The data from these postmenopausal women with osteoporosis suggest that once-monthly 150-mg ibandronate therapy provided clinically comparable efficacy in terms of BMD response, reductions in bone turnover, and GI tolerability similar to that of weekly 70-mg alendronate.
MOTION(每月口服伊班膦酸钠治疗骨质疏松症干预研究)报告称,在12个月内增加腰椎和全髋部骨矿物质密度(BMD)方面,每月一次的伊班膦酸钠不劣于每周一次的阿仑膦酸钠。在对MOTION的次要和探索性终点进行分析时,包括转子和股骨颈BMD,发现每月一次的伊班膦酸钠不劣于每周一次的阿仑膦酸钠。此前已报告了MOTION的共同主要、次要和探索性BMD终点。
本报告展示了MOTION研究的更多结果,包括腰椎和全髋部BMD较基线增加的反应率;骨转换标志物血清浓度比较的结果;以及耐受性分析,包括导致停药的不良事件和胃肠道(GI)不良事件。
MOTION是一项为期12个月(随访15天)的随机、多国、多中心、双盲、双模拟、平行组、非劣效性研究,纳入年龄在55至<85岁的绝经后骨质疏松症女性。患者被随机分配接受每月150毫克口服伊班膦酸钠和每周阿仑膦酸钠匹配的安慰剂,或每周70毫克口服阿仑膦酸钠和每月伊班膦酸钠匹配的安慰剂,为期12个月。在基线、治疗第7天、3个月和6个月、6个月+7天以及12个月时,在全部试验人群的一个子集中测量骨吸收标志物(Ⅰ型胶原α链C末端肽[sCTX])和骨形成(血清Ⅰ型胶原N末端前肽)的血清浓度。在基线和第12个月时,使用双能X线吸收法测量BMD。还对12个月时脊柱、全髋部和转子BMD高于基线的患者(反应者)进行了探索性分析。

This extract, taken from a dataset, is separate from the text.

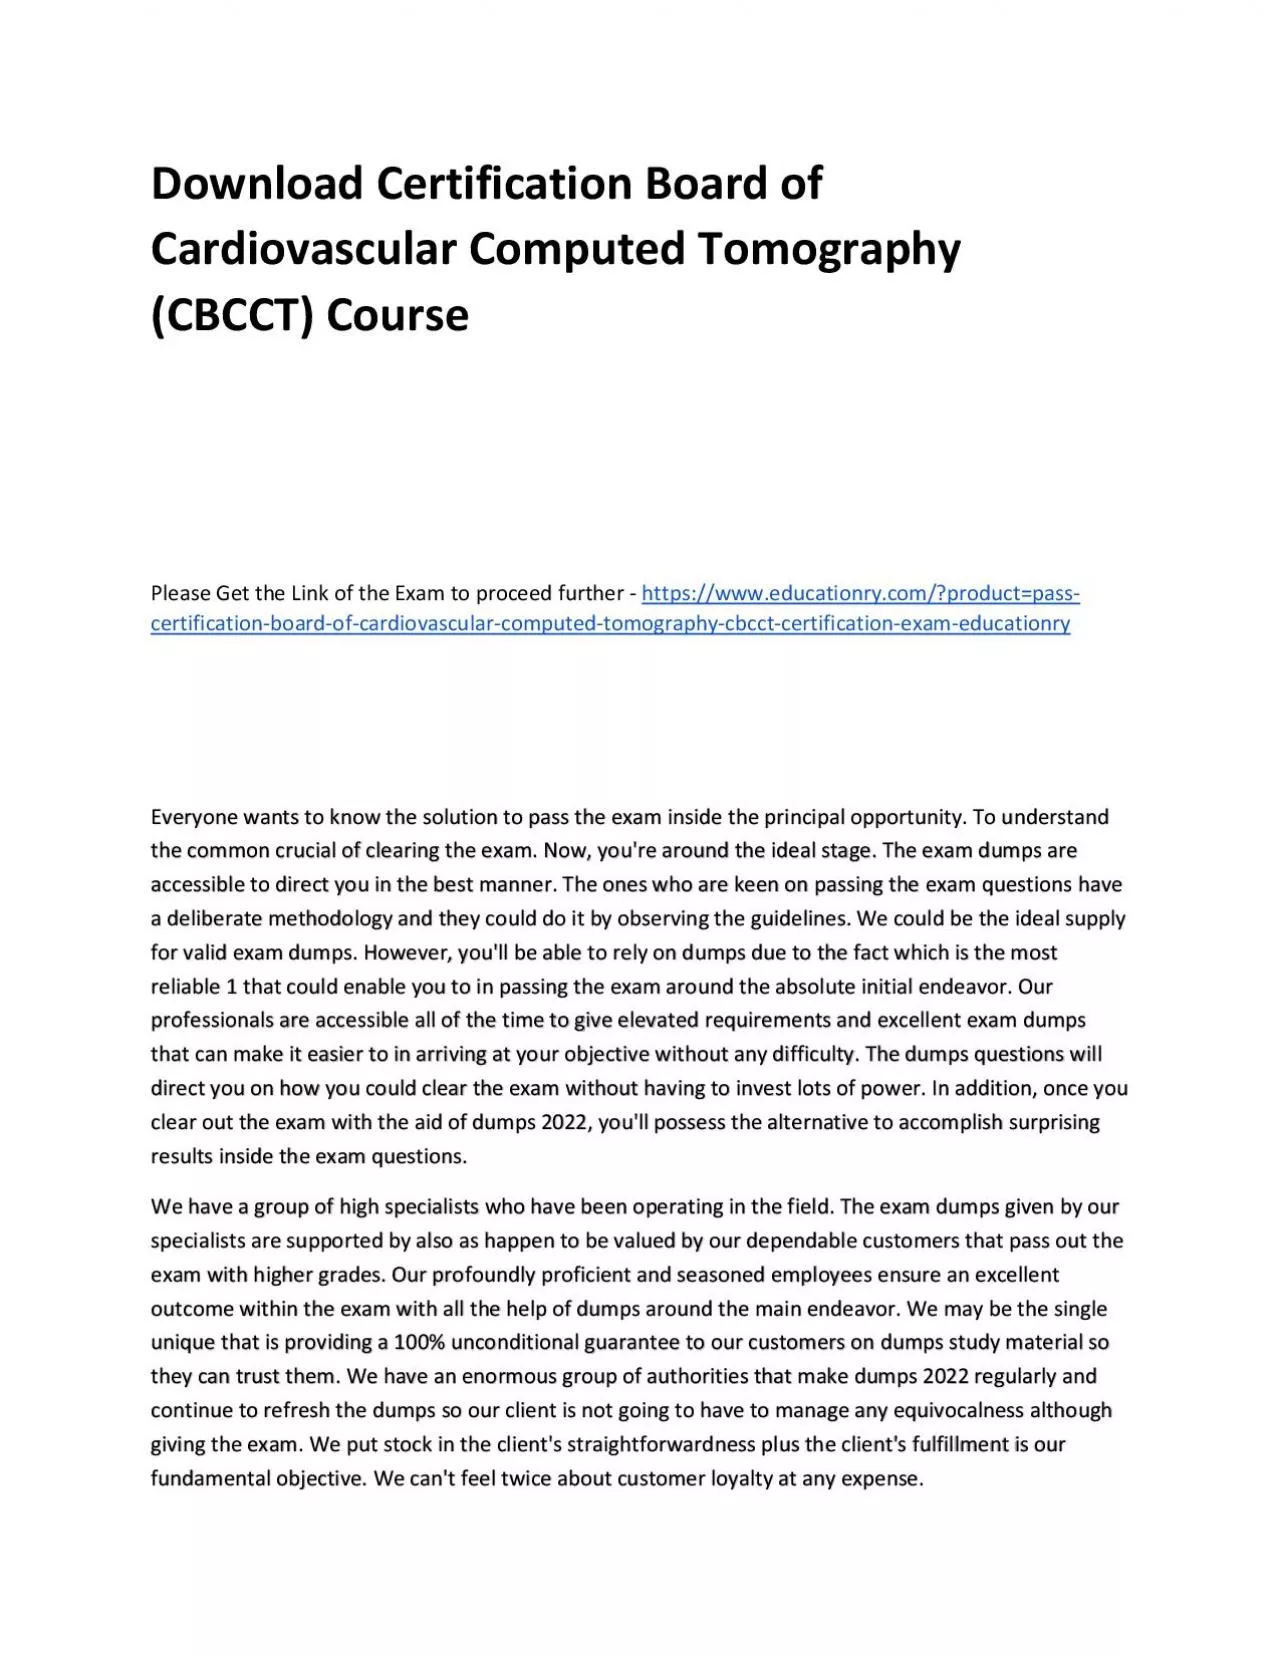 Download Certification Board of Cardiovascular Computed Tomography (CBCCT) Practice Course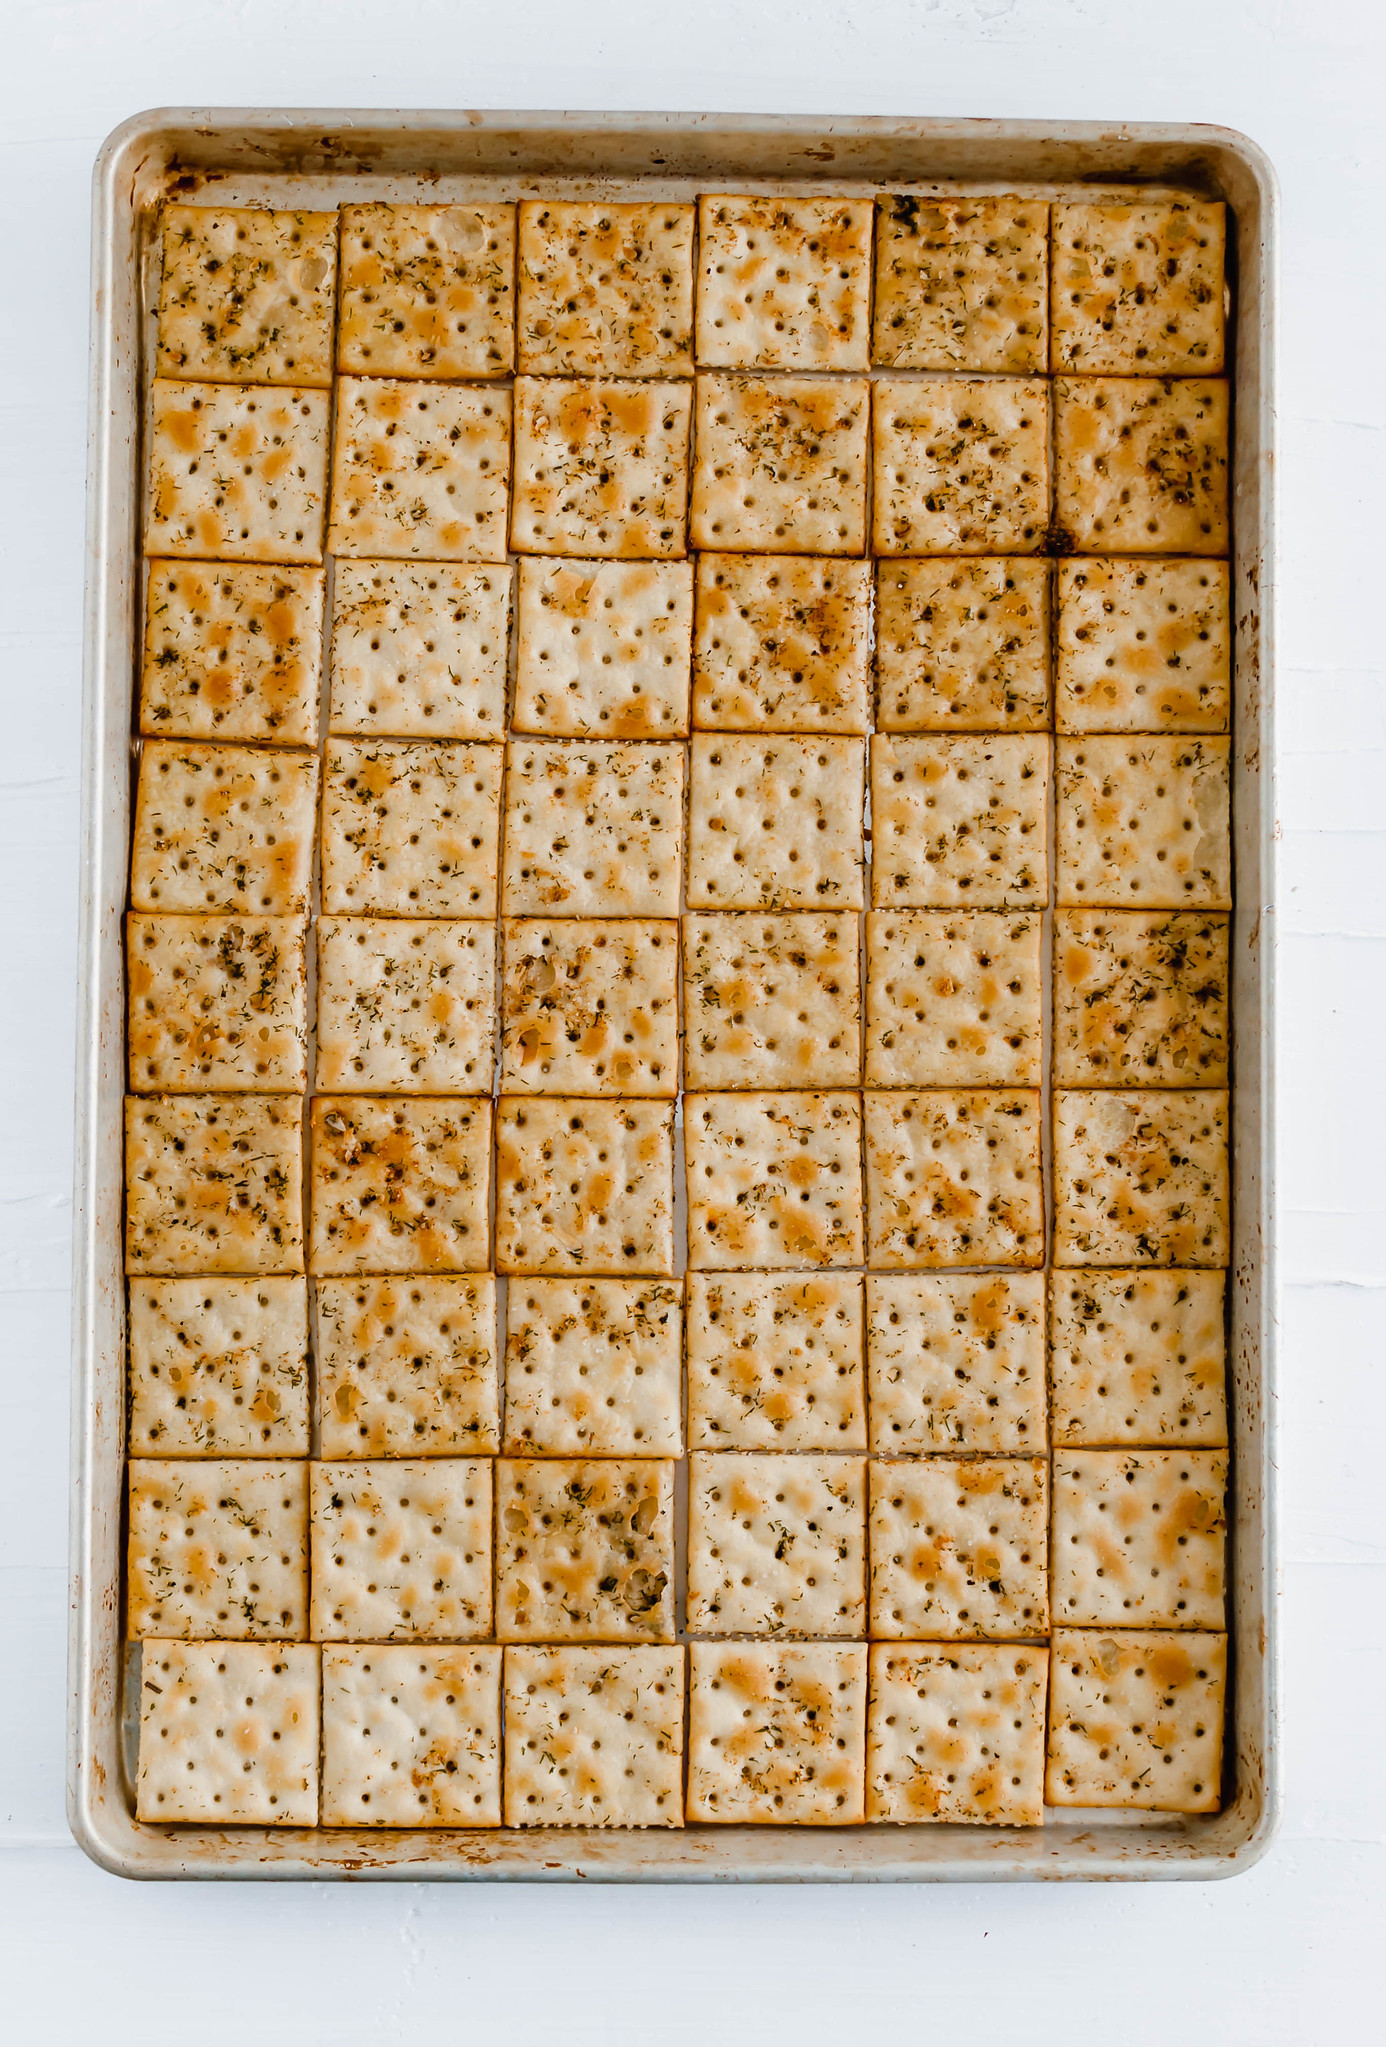 Seasoned Saltine Crackers are wonderful as a snack or a dipper for all the soups this winter. Tossed in oil, spices and herbs then baked to crispy perfection.

共纳入1760名女性(伊班膦酸钠组887例患者;阿仑膦酸钠组873例)。每月一次伊班膦酸钠治疗时sCTX谷浓度的中位数变化为-75.5%,每周一次阿仑膦酸钠治疗时为-81.2%。伊班膦酸钠组腰椎和全髋部平均BMD较基线增加的患者百分比(反应者)分别为90%和87%,阿仑膦酸钠组分别为92%和90%。在这项为期1年的研究中,每组<或=30%的患者报告了胃肠道不良事件。
这些绝经后骨质疏松症女性的数据表明,每月一次150毫克伊班膦酸钠治疗在BMD反应、骨转换降低以及胃肠道耐受性方面提供了与每周70毫克阿仑膦酸钠临床可比的疗效。